As part of his inquiries, Stafford asked “what recent assessment” the Ministry of Justice had made of the “deterrent effect of sentences”.

He said there was no “specific research” into longer sentencing for pet theft, but: “In the Criminal Justice System overall, the deterrent effect of sentence severity has received a high level of attention in wider research literature.

“The evidence is mixed, although harsher sentencing tends to be associated with limited or no general deterrent effect.”

So, tougher jail terms have little, if any, impact on deterring offenders. It's a finding that will come as no surprise to criminologists but has now been acknowledged by a Minister in a Government that believes the opposite is true.

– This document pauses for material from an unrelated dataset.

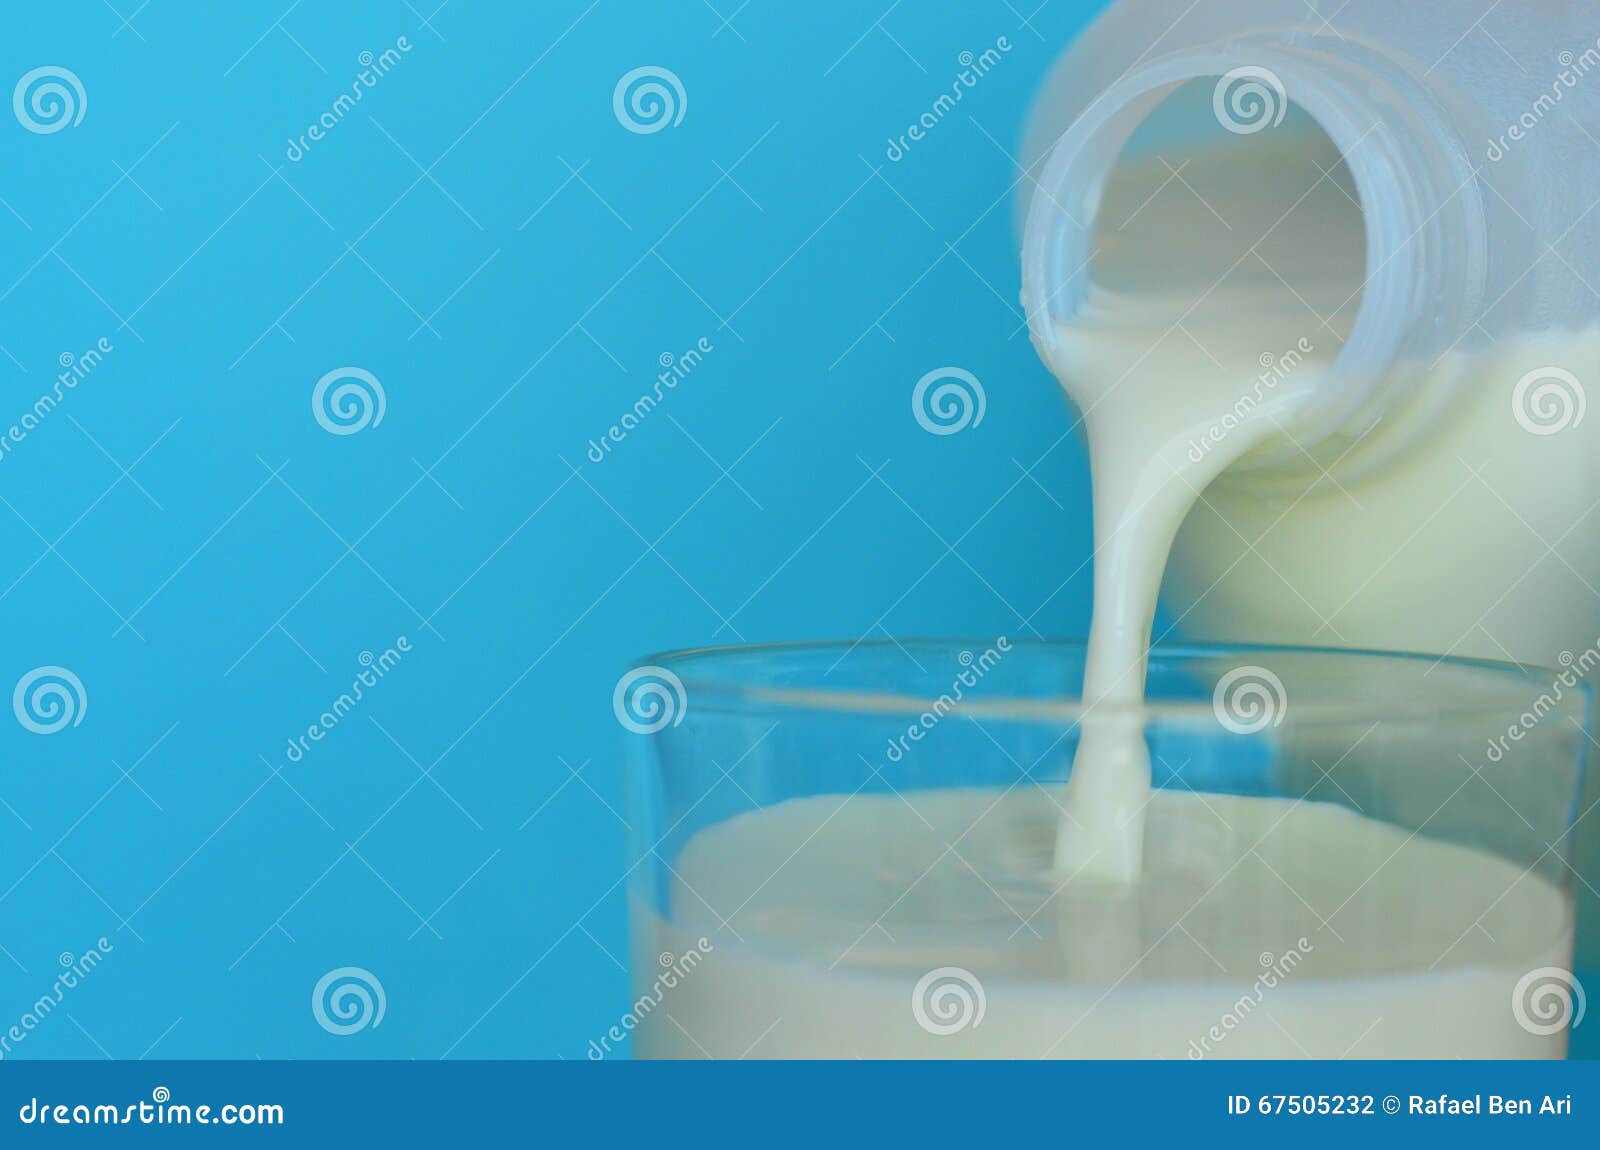 fresh milk pour into a glass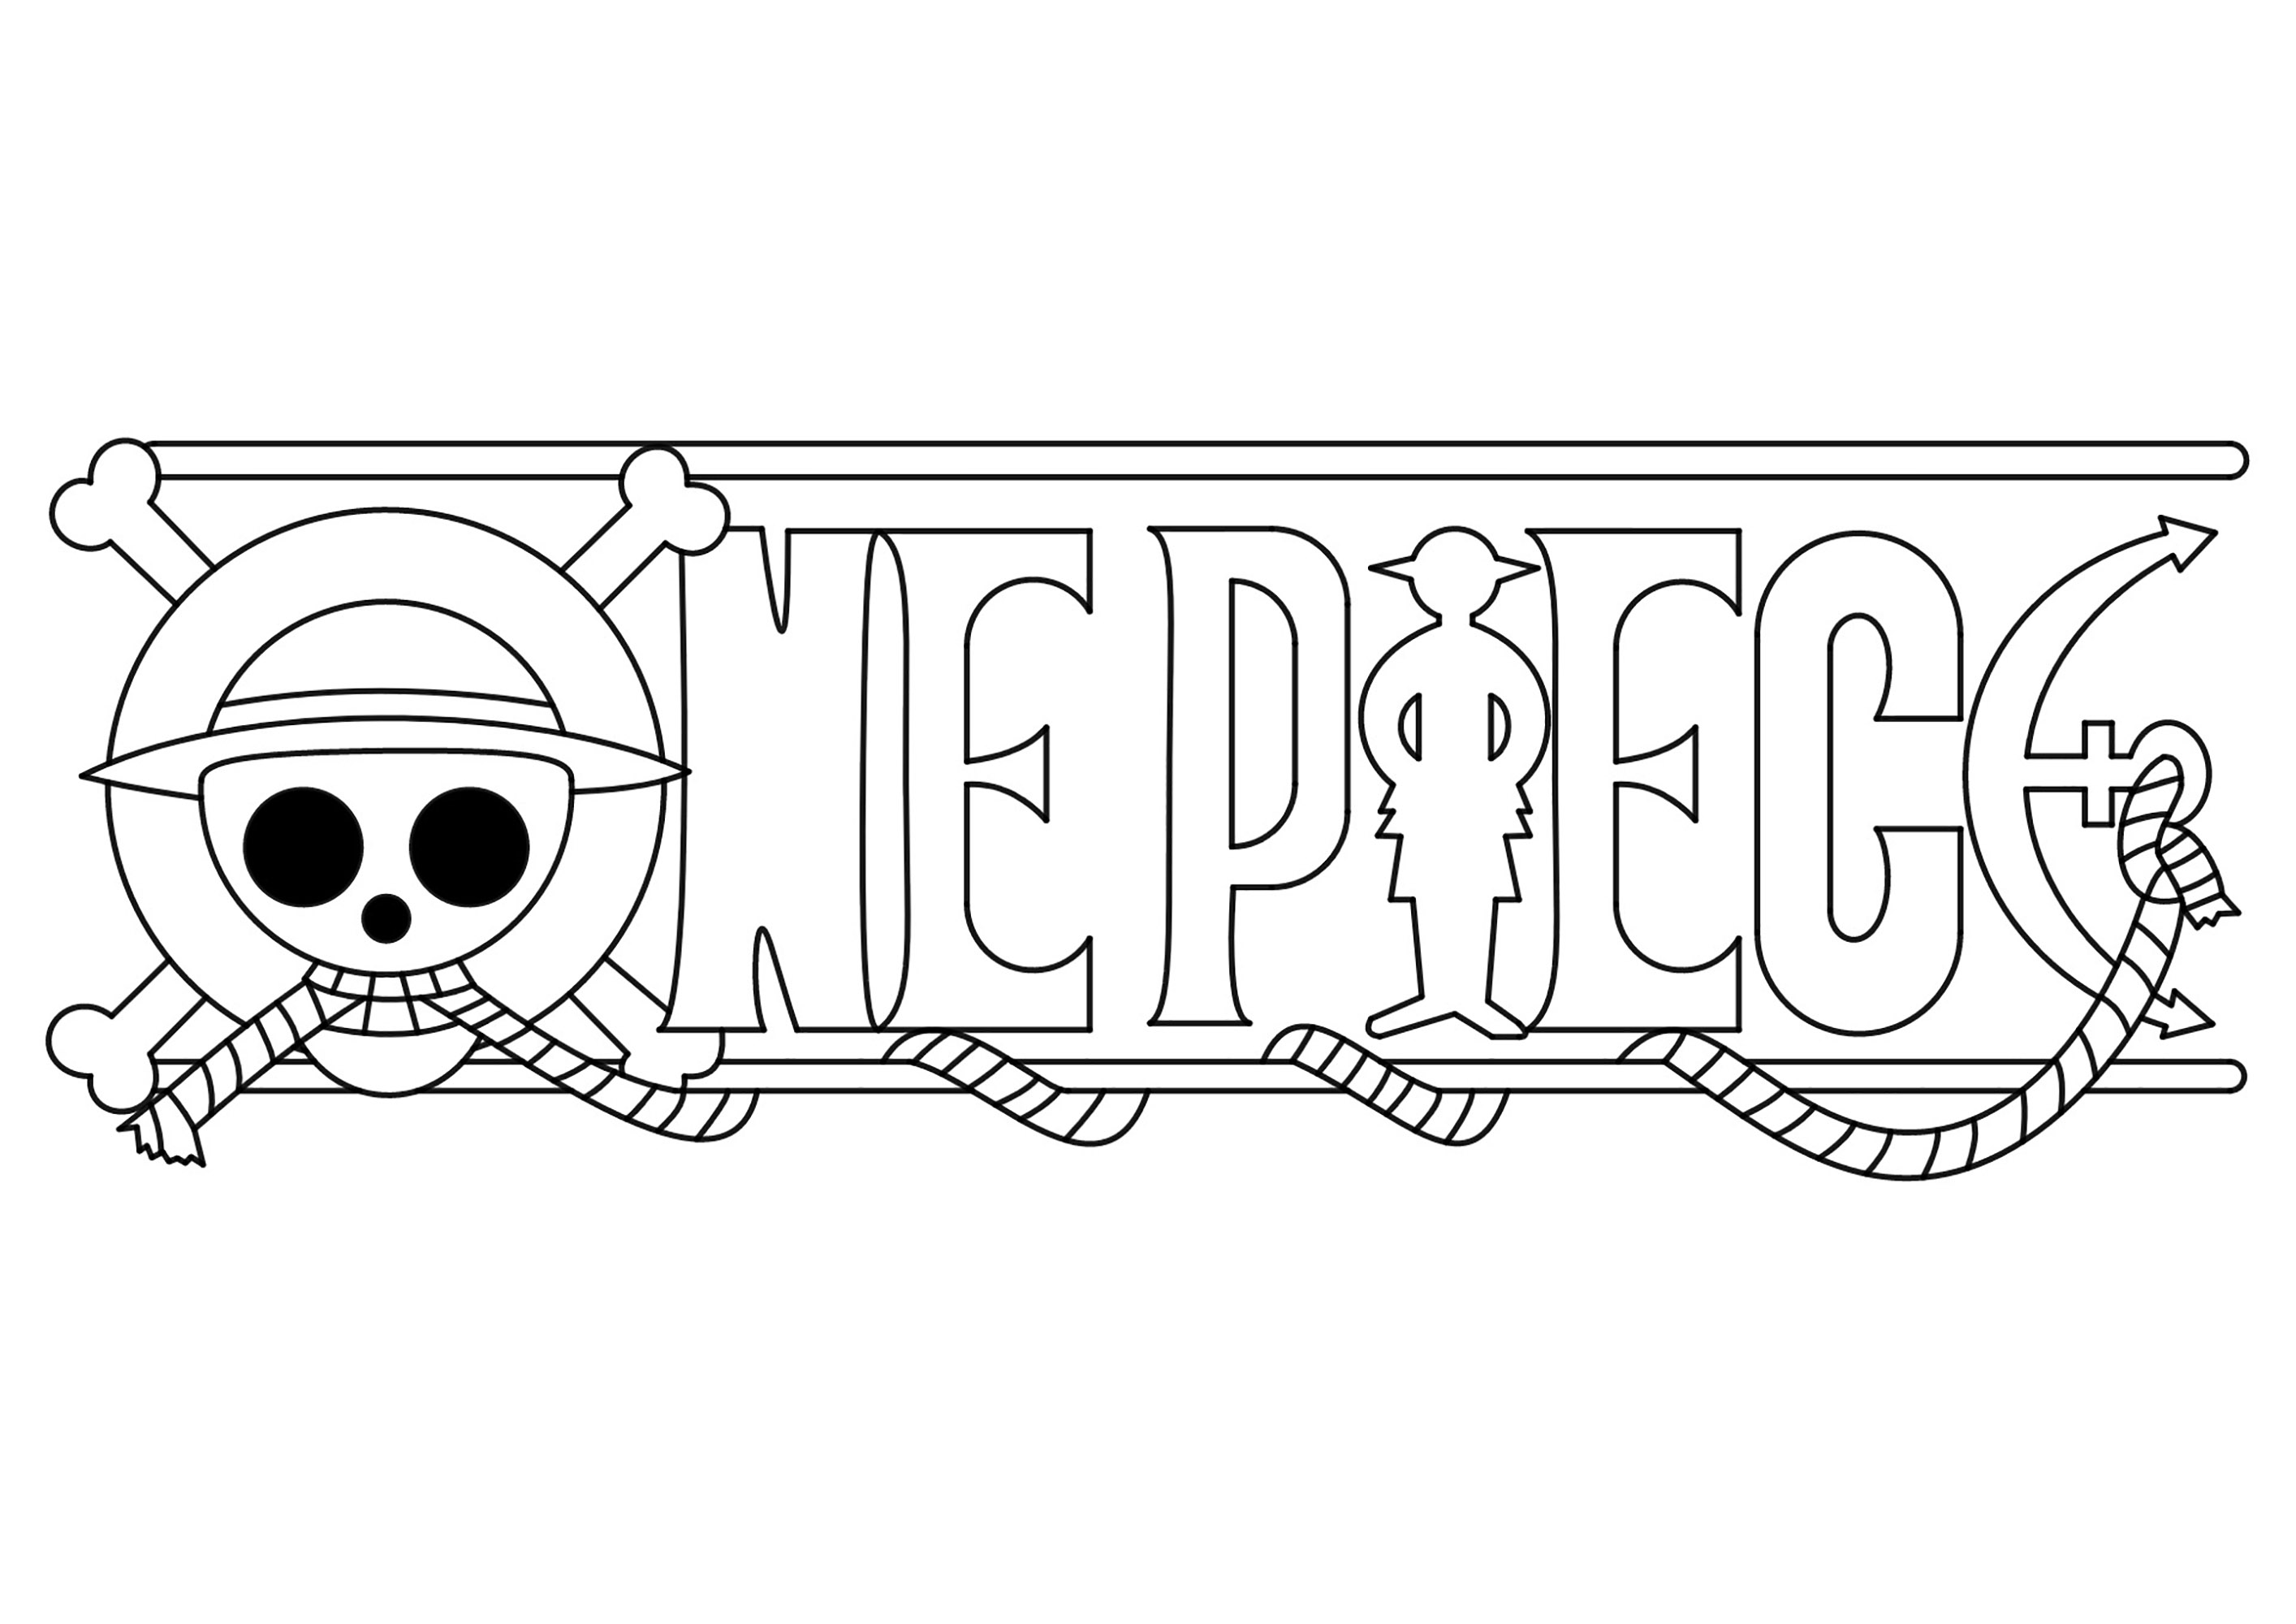 One Piece Notebook - One Piece Logo Notebook | One Piece Store-hdcinema.vn

Philp added that a deterrent effect was linked to “increases in the certainty of apprehension and punishment”. But that statement - that it's the fear of being caught which matters -provides little reassurance either given that the proportion of crimes resulting in a prosecution has plummeted in five years to just over 7%.

There are sometimes good reasons to increase the length of prison sentences, particularly for those who present a risk to other people. Reoffending rates are known to diminish with longer jail terms and it’s vital for public confidence that serious crimes are seen to be dealt with robustly and appropriately.

It may also be that people smugglers are currently treated too leniently; the proposal to raise the maximum jail term is likely to command widespread backing and pass through Parliament with little opposition.

But if deterrence is put forward as the rationale for such a legal change, or any other proposed extension to jail sentences for that matter, then the Government will struggle to find the evidence to support it.

Don’t take my word for it, it’s what the only Minister with roles in both the Home Office and the Ministry of Justice said, on the record, in Parliament, this week.